English property developer (1821–1889)

George Dawson (12 June 1821 – 22 February 1889) was an English builder, property developer and alderman. The son of a village labourer, he was a self-made man who started as a cooper, became a rich entrepreneur and built himself a mansion.

However, Dawson achieved his success by hard work, and the mansion only appeared towards the end of his life. Between the coopering and the mansion-building, and in a working partnership with architect John Henry Hirst of Bristol, he built or expanded many large buildings in Harrogate. This included Prospect Crescent, Cambridge Crescent, the wings of the Crown hotel, and many blocks and large villas in the town. Alongside fellow developer Richard Ellis, he helped to develop Harrogate into a town with impressive buildings.

Dawson married twice and had eight children. After he died his second wife erected over his grave a large sculpture by Thomas Potts of Harrogate.

==Background==
Dawson was a self-made man, with modest origins. The Census describes the arc of his career with much reservation. His father was Charles Dawson, a labourer, and his mother was Rebeccah Dawson. He was born on 12 June 1821, in the village of Skelton-on-Ure, North Riding of Yorkshire. (Note: Dawson's dates are on his gravestone)

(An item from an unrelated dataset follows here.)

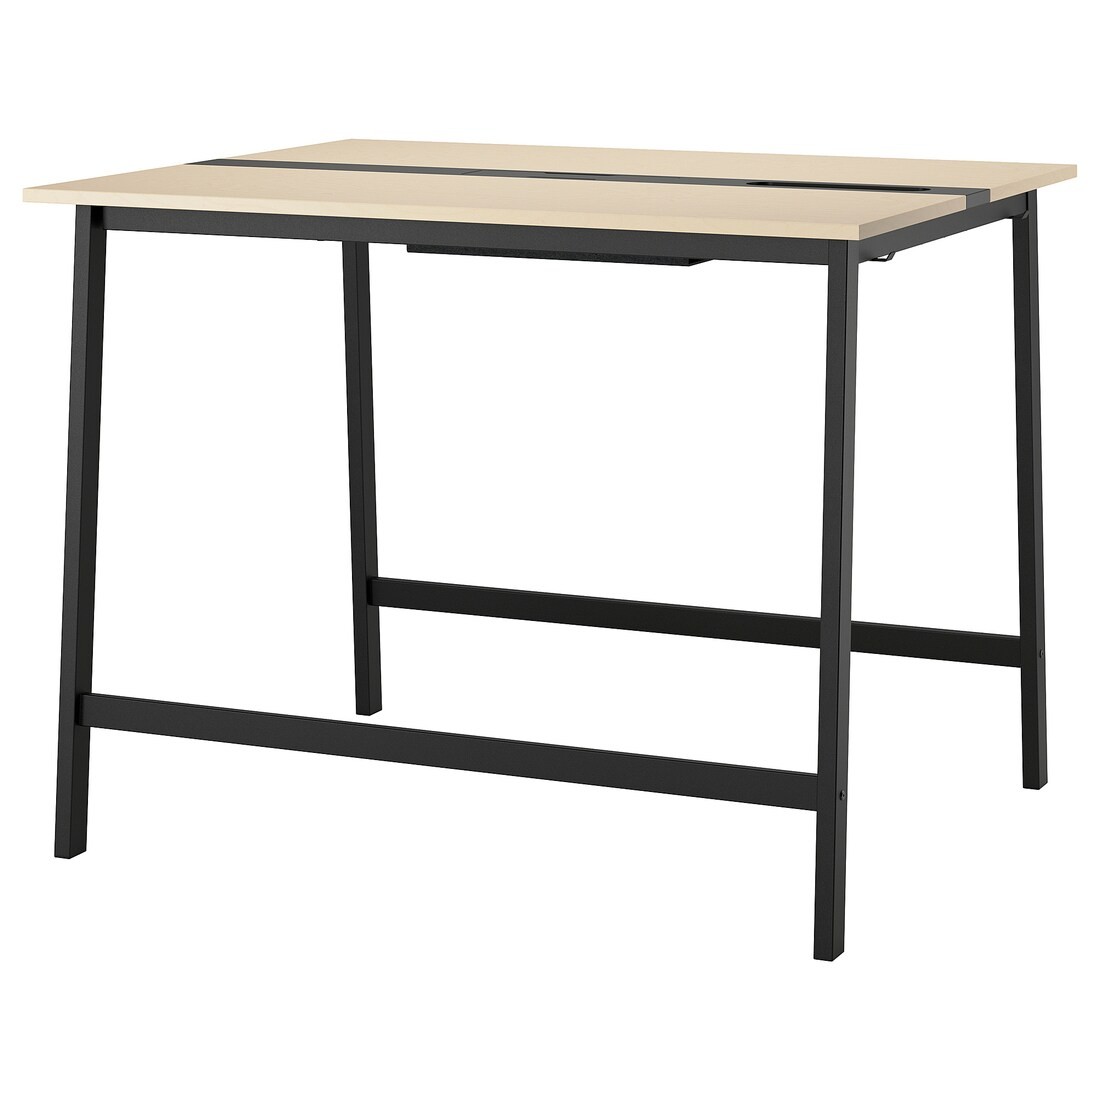 MITTZON стіл для конференцій, okl береза / чорний, 140x108x105 см
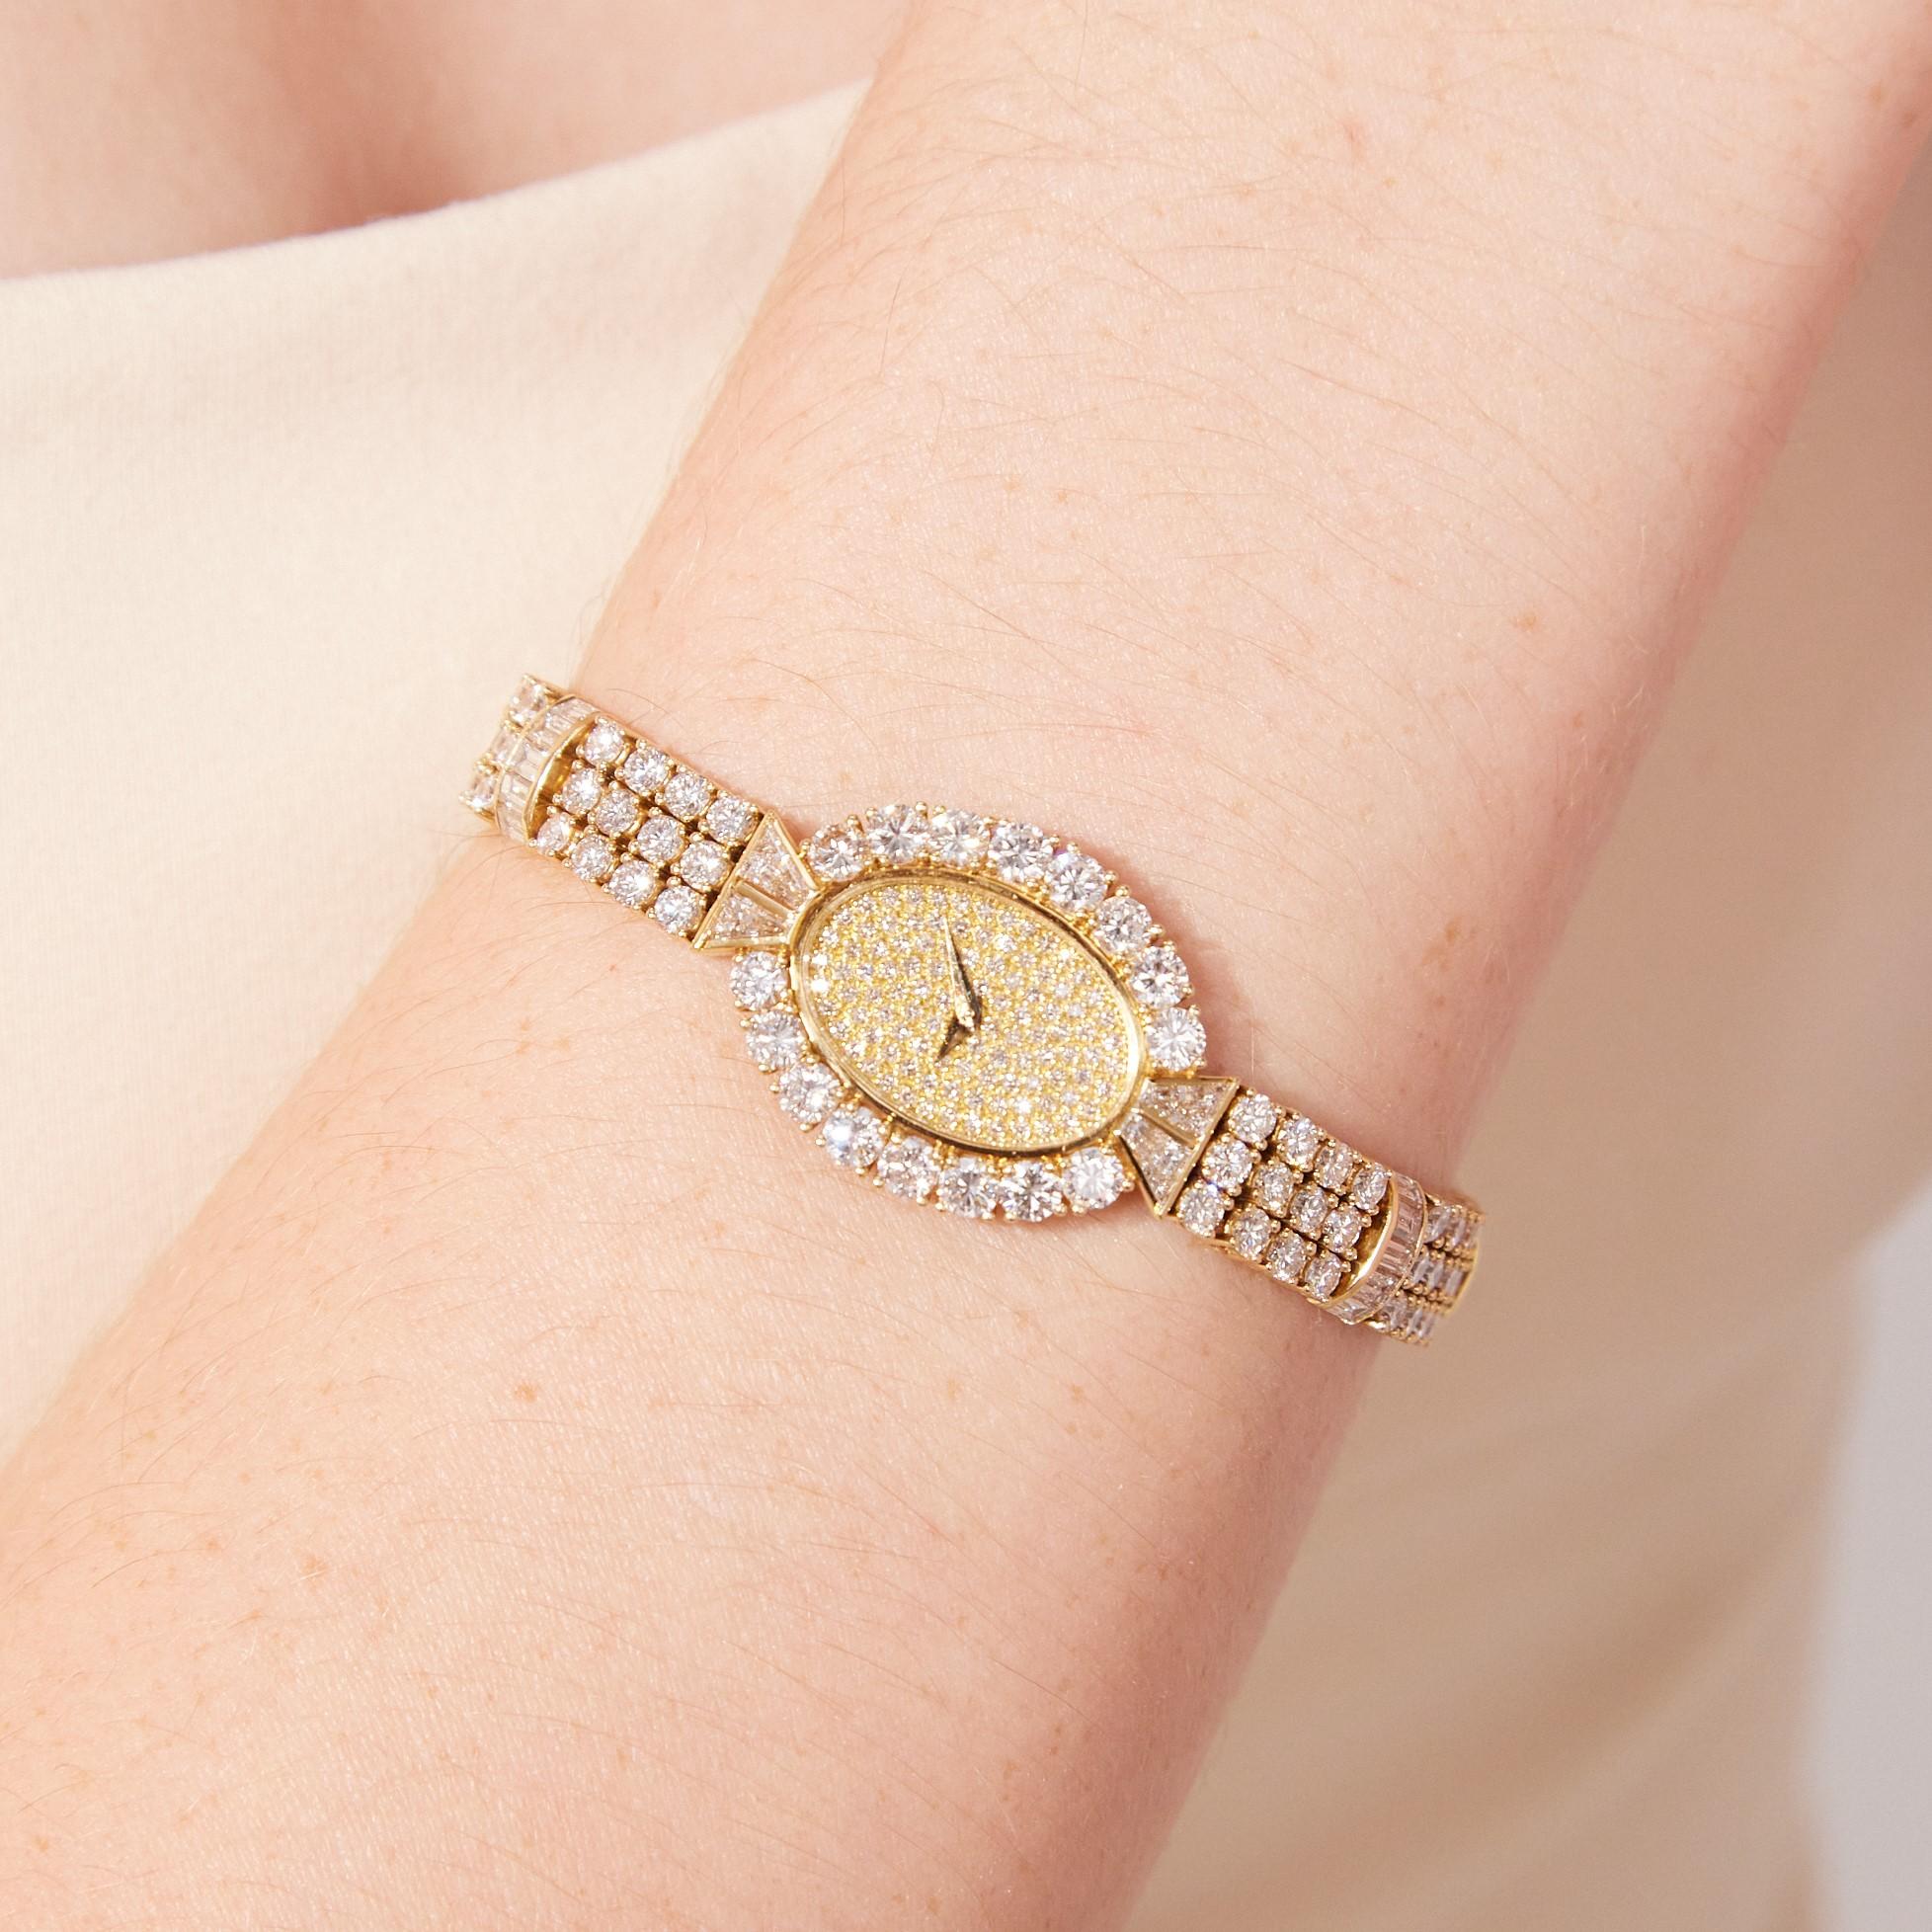 Die hervorragende Vacheron Constantin Geneve Damen-Diamant-Armbanduhr ist ein sehr feines und seltenes Stück von der ältesten und einer der angesehensten Uhrenmanufakturen der Schweiz. Die Uhr ist mit rund 14 Karat spektakulär leuchtenden weißen

Dawson married twice. His first wife, whom he married in Ripon in 1848, (Note: GRO index: Marriages Sep 1848 Bonwell Isabella, and Dawson George Ripon XXIII 437) was Isabella Bonwell (c. 1826 – 5 March 1857) from Kirkby Malzeard. (Note: GRO index: Deaths Mar 1857 Dawson Isabella Knaresbro'	 9a 84) The 1851 Census finds him describing himself as a cooper and grocer, living with Isabella and their one-year-old daughter Ann Eliza (born c.1850) at 64 Towns Street, Kirkby Malzeard. They moved to Leeds where they had two more daughters, Emma Jane (born 1853), (Note: GRO index: Births Sep 1853 Dawson Emma Jane Leeds 9b 393) and Catherine Isabel (born 1857), then moved to Harrogate.

Dawson's second wife, whom he married in Portland Methodist Chapel, Clifton, Bristol on 28 April 1860, (Note: GRO index: Marriages Jun 1860 Oram Martha, and Dawson George Clifton 6a 285) was Martha Oram (20 May 1837 – 22 May 1913) from Castle Cary. (Note: GRO index: Deaths Jun 1913 Dawson	Martha	76 St.Geo.H.Sq 1a	487. Martha Dawson's dates are also on her and her husband's gravestone) Dawson had three more daughters and two sons with Martha, so that he had eight children altogether. By 1861, Dawson was still describing himself as a cooper, and he and his family were living at 1 James Street, Bilton, Harrogate. It was not until the 1871 Census that Dawson described himself as a builder. That year shows him and his family as lodgers in James Street, Bilton, having added two more children to the family: George Edward. (born 1862), (Note: GRO index: Births Sep 1862 Dawson George Edward Bedminster 5c 724) and Mary Eva (born 1864). (Note: GRO index: Births Dec 1864 Dawson Mary Eva Knaresbro 9a 101) The 1881 Census finds Dawson and his wife lodging at Crown Wells House in Bilton, and Dawson is describing himself as a builder. By 1891 Martha Dawson is widowed, and is living with her daughter Mary Eva and her son in law in West Ham.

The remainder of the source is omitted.